The new City Manager needs to put “cutting costs” on his “to do list”, no matter what the City Council says. The Evanston taxpayers will send his name to the Vatican for sainthood consideration if he can institute some discipline and get the City to curb its hog-wild spending.
Might not be fatter fees
It was impossible to tell for sure from the brief comments by the aldermen, but it’s also possible they were thinking of adding amenities like lakefront restaurants or other projects that would generate tax city revenue and new jobs without increasing fees.
But then some folks don’t want to have commerce intrude on the lakefront either.
— Bill
Re: the city and saving money
Who was the rocket scientist who thought that Maple Ave between Clark and Church needed “improvement”? Whose brother-in-law (father, uncle, grandson, etc.) got the contract and at what cost. Just wondering, that’s all!
Naperville has to make same kind of cuts Evanston does
Naperville cuts 22 employees, won’t fill 27 vacant positions
Tribune staff report January 9, 2010
Naperville cut 49 positions this week to help the city close a budget deficit, officials said Friday.
The city eliminated 22 positions and 27 vacant positions to save $3.6 million a year, officials said. Combined with 43 positions eliminated last January, the cuts amount to 10 percent of the work force and will save the city about $7 million a year.
Officials are trying to close an $11 million deficit this year.
In comparison to Naperville, Evanston is way behind the curve
Here’s what Naperville did THIS YEAR – laid off 10 percent of its employees, including 17 from the police department and two from the fire department.
But more importantly, it’s what Naperville did LAST YEAR that is interesting. The city laid off 23 employees and eliminated 23 vacant positions. And, some city employees voluntarily took unpaid time off.

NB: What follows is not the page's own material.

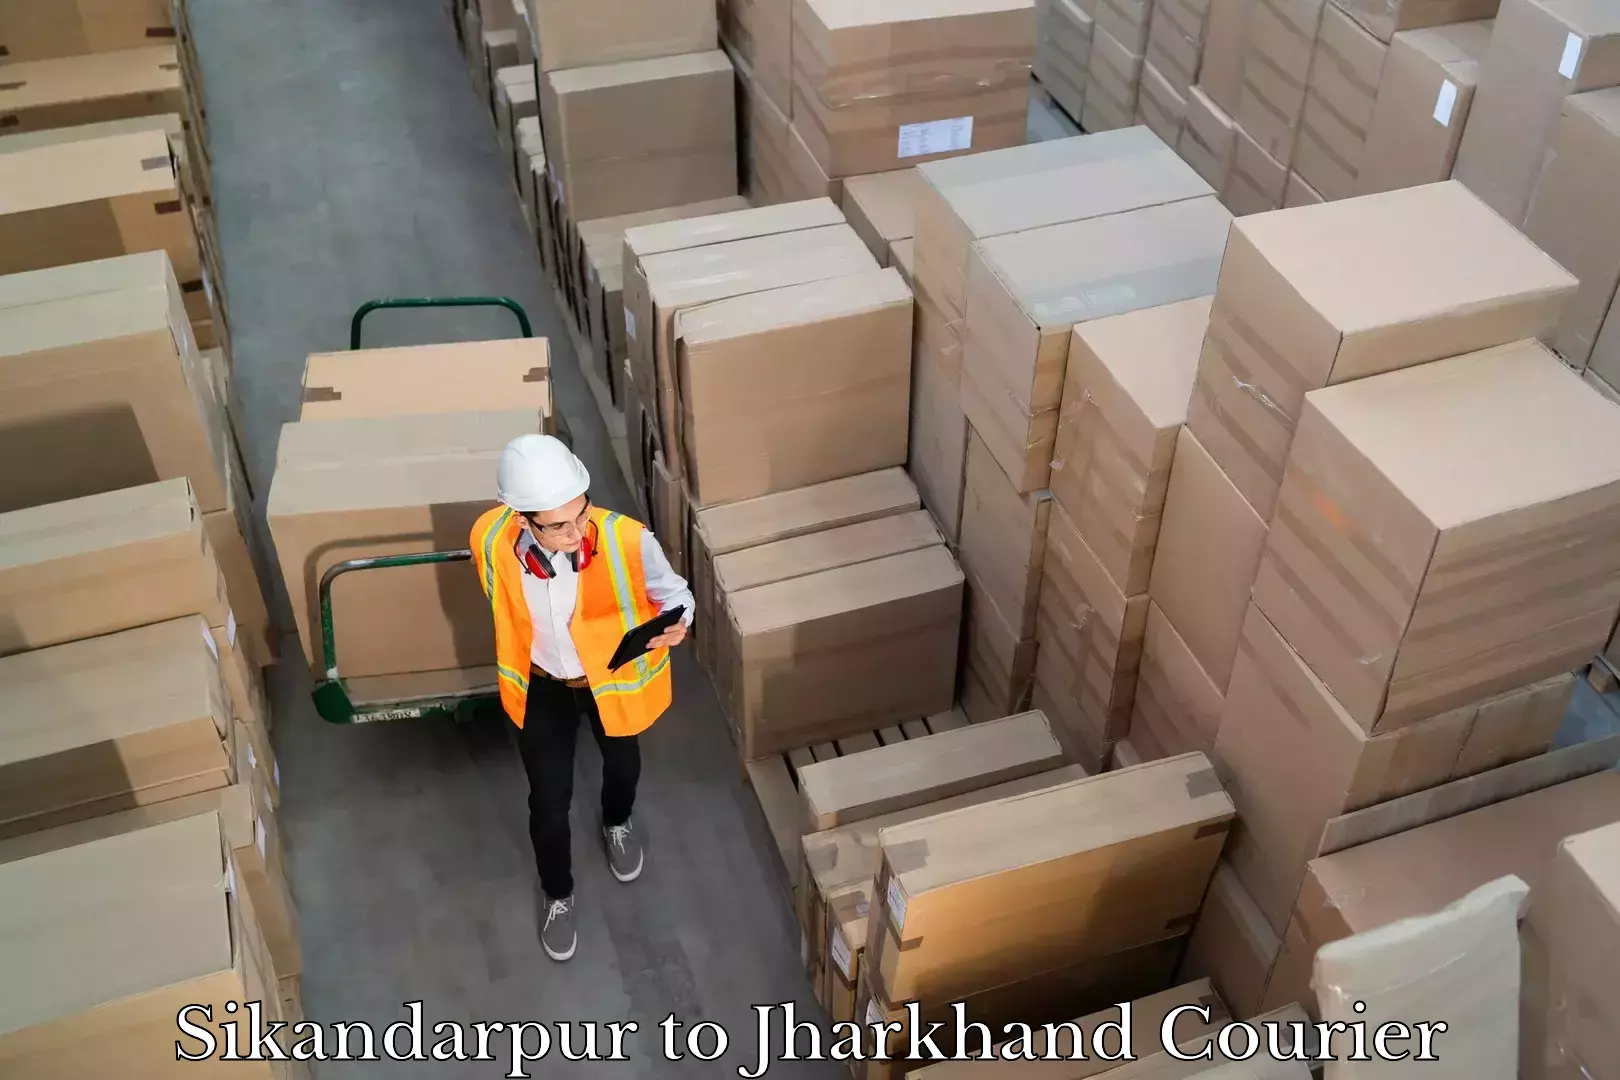 Logistics service provider Sikandarpur to Jharkhand

In other words, Naperville was acting on budget shortfalls last year.
In a span of one year, Naperville laid off and eliminated 92 city jobs.
Evanston has laid off ZERO, NADA, ZILCH employees. And the proposal is to end 47 jobs – only four in the police department and one in the fire department.
In addition, union employees, which is the vast majority of city employees, would still get an annual merit increase – non-union employees have no such luck.
I’m not sure how many of the actual Evanston employees losing their jobs are union members but I suspect very few. It’s my understanding that the 17 library employees losing their jobs are not in the union.
This is typical in this town when you have the PRESIDENT of the city union employees sitting on a budget task force, participating in budget recommendations. EVERY Council member and the mayor are Democrats who are clearly in bed with the unions on every government level.
This, I believe, is the primary reason why NO city employees have been laid off during a three-year-long Recession and city budget shortfalls.
No one is willing to bite the hand that feeds them.
Instead, we see the city continue on with its tax increases to feed the machine.
Reply:
Two points …
At the budget meeting today the AFSCME union leader who spoke said the library workers being laid off are union members.
Also, the city manager is not proposing a property tax increase this year, although he is proposing an increase in fees for trash pickup.
— Bill
Greedy pig
Someone’s gotta say it. The city of Evanston is a fat, bloated greedy pig. An intervention is needed. Governmentaholics Anonymous for all of you! Stop it already. Cut your damn spending. End of story.